Chevrolet Volt and battery replica (Photo by John F. Martin for General Motors)

A Chevrolet Volt and replica of the t-shaped battery pack (Photo by John F. Martin for General Motors)

The U.S. Department of Energy (DoE) today released its first Quadrennial Technology Review report, an assessment of the Department’s technology research and development portfolios. The report urges the department to focus its R&D more on transportation than stationary energy production, grid modernization, and technologies closer to fruition than is now often the case.

The report outlined six major strategies to address the nation’s energy challenges, three each under stationary and transportation technologies:

– Stationary: Increase building and industrial efficiency, Modernize the grid, Deploy clean energy

– Transport: Increase vehicle efficiency, Electrify the vehicle fleet, Deploy alternative hydrocarbon fuels.

The report notes that DoE is under-invested in transportation compared to stationary technologies.

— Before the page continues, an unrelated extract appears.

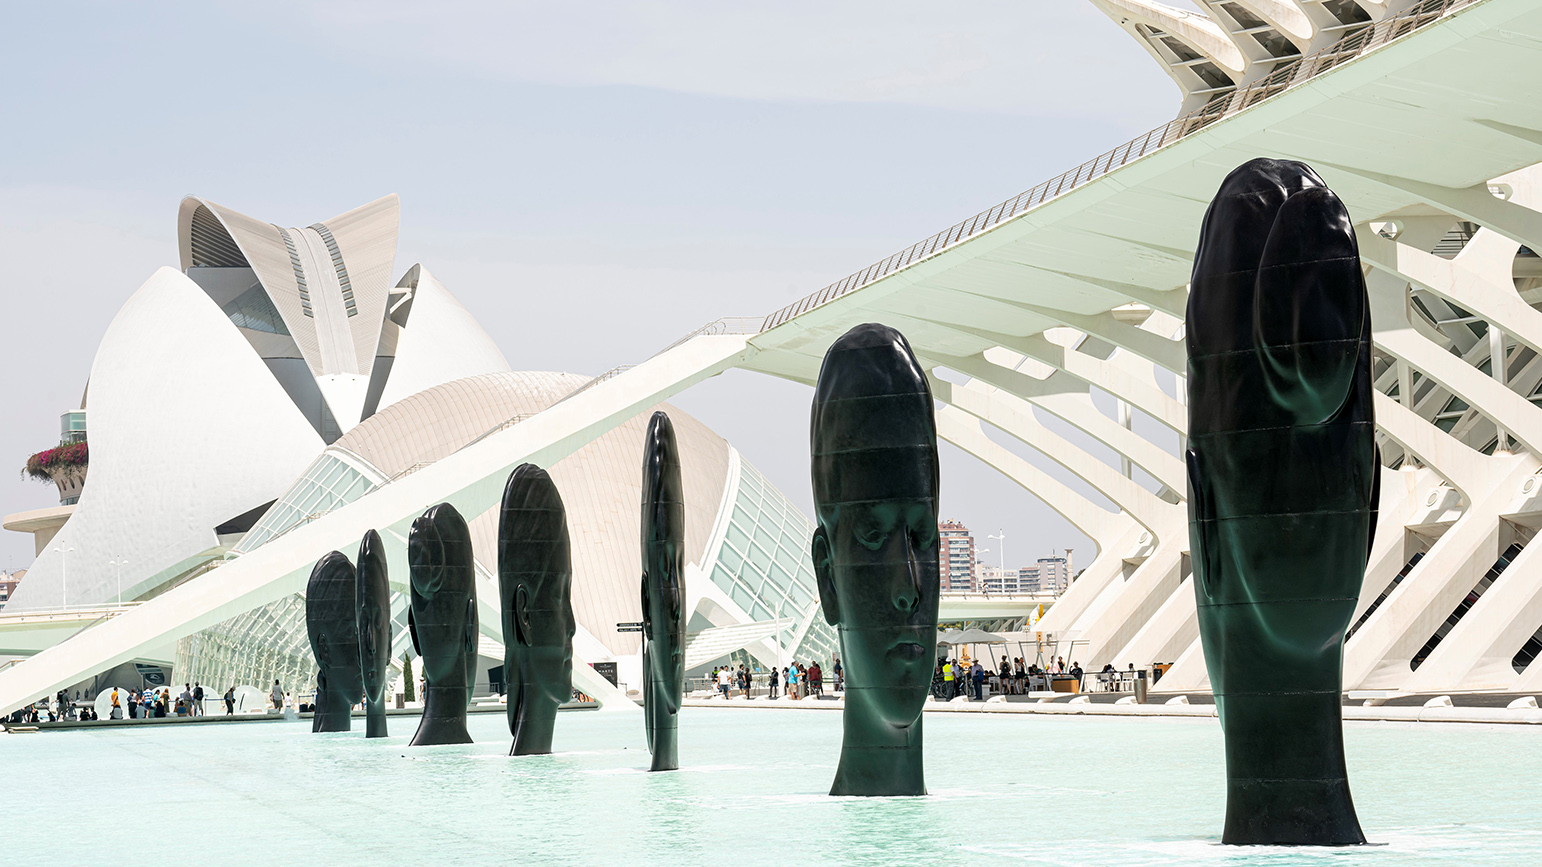 Seven large flat sculptures of serene faces installed in a shallow pool of water

It sees increasing vehicle efficiency as the most promising short-term opportunity in transportation, followed by electrification of the light vehicle fleet. DoE plans to develop separate technology plans for light and heavy-duty vehicles, but the report notes that the department will support biofuels where electrification is not feasible: heavy-duty vehicles, marine, and air transport.

The review emphasizes the role stationary energy sources play in the nation’s economic standing, and points out the potential payoff in economic competitiveness from greater efficiency of homes and businesses. DoE likewise plans to focus on reducing the costs of low-carbon energy, with policies such as a federal clean energy standard.

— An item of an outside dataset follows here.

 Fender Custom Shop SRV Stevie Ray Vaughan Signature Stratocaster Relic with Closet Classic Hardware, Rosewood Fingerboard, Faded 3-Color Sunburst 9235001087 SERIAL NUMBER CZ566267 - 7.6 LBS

The report says DoE has under-invested in grid modernization, specifying potential targets such as data communications, modeling, sensing, power electronics, and storage technologies. The department intends to use its central convening authority to achieve greater coherence in what it calls “highly fragmented regulatory framework comprised of states, local governments, utilities, and grid operators.”

The reviewers acknowledge the difficulty in finding a balance between R&D to answer questions with an immediate payoff and research on issues with returns that can stretch over decades. The report notes, however, that DoE has put too much research effort into “technologies that are multiple generations away from practical use” instead of relevant research that can influence the private sector in the nearer term.

The quadrennial technology review, says DoE, was designed as a step toward a multi-year overall energy review that covers all federal agencies and bringing in economic and policy perspectives. It also should serve as a guide for annual budget planners.